PepsiCo Increased Factory Output by 20% Without Building Anything New. Here’s the Playbook.

They didn’t pour concrete. They didn’t order new equipment. PepsiCo increased production throughput at a Gatorade manufacturing plant by 20% – by building an exact digital copy of the factory first.

The Full Story

At CES 2026, PepsiCo announced a multi-year, industry-first collaboration with Siemens and NVIDIA to transform their U.S. manufacturing and warehouse facilities into AI-powered digital twins.

Using Siemens’ Digital Twin Composer and NVIDIA’s AI infrastructure, PepsiCo rebuilt each facility virtually – every machine, conveyor belt, worker path, and pallet route – with physics-level simulation accuracy. The digital version is so precise that AI agents can simulate operational changes and predict real-world outcomes before anyone touches the physical floor.

The experiment at their Gatorade plant was the proof of concept: optimized and validated new configurations in weeks, not months. The result was a 20% increase in throughput on initial deployment. Capital expenditure dropped 10-15% because the team stopped investing in physical changes that would have failed anyway. And 90% of potential operational issues were caught and fixed in the simulation before becoming real problems.

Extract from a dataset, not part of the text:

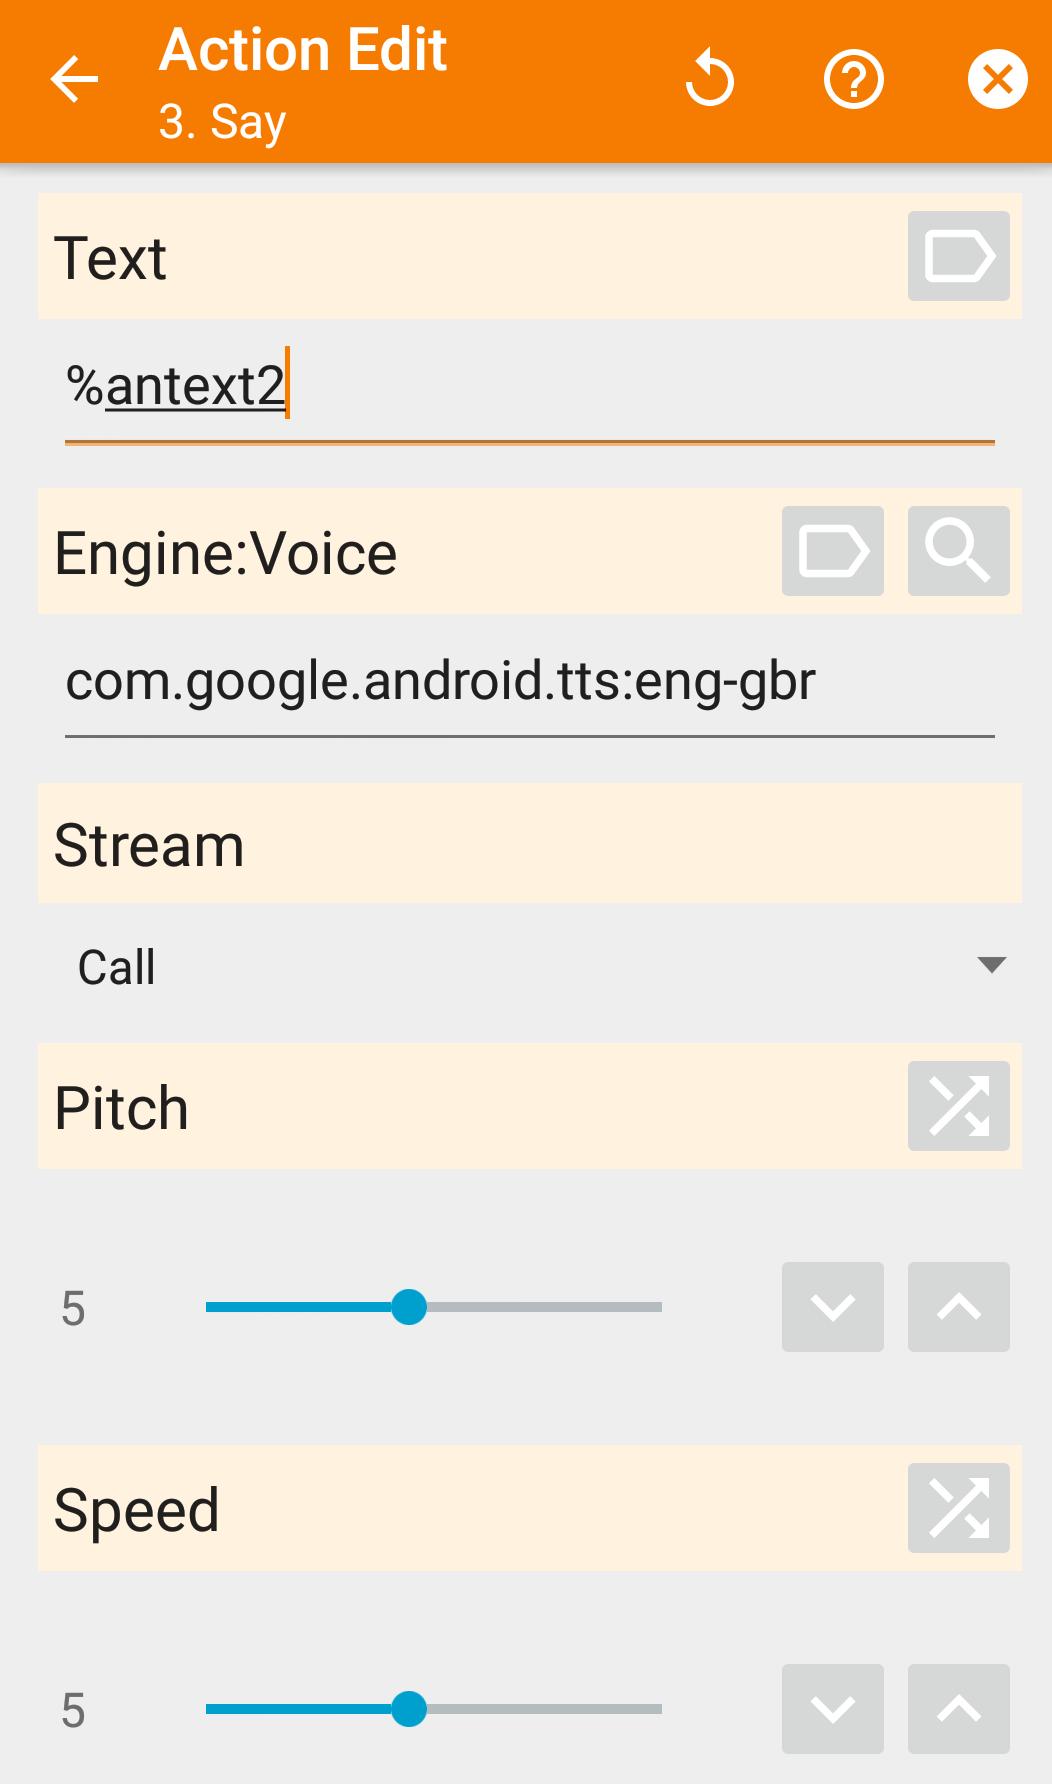 Making voice announcements & controlling Amazon Alexa Echo

PepsiCo is now scaling this across their entire manufacturing network globally.

Why This Actually Worked

First, the economics are fundamentally asymmetric. A digital simulation costs a fraction of a physical modification. When you can catch 9 out of 10 mistakes before they happen, the ROI is almost infinite.

Second, this approach decouples decision-making from physical risk. Traditional manufacturing runs on gut feel and expensive pilots. Digital twins let you run 50 scenarios in the time it takes to set up one real test.

Third, AI agents don’t just simulate – they optimize. They’re not just showing you what would happen. They’re finding configurations that humans wouldn’t have thought to test.

My name is Mike Partners. I’ve spent years studying how the world’s largest companies deploy AI, and I founded AiExpert.org to bring those lessons to businesses like yours. Here’s where to start.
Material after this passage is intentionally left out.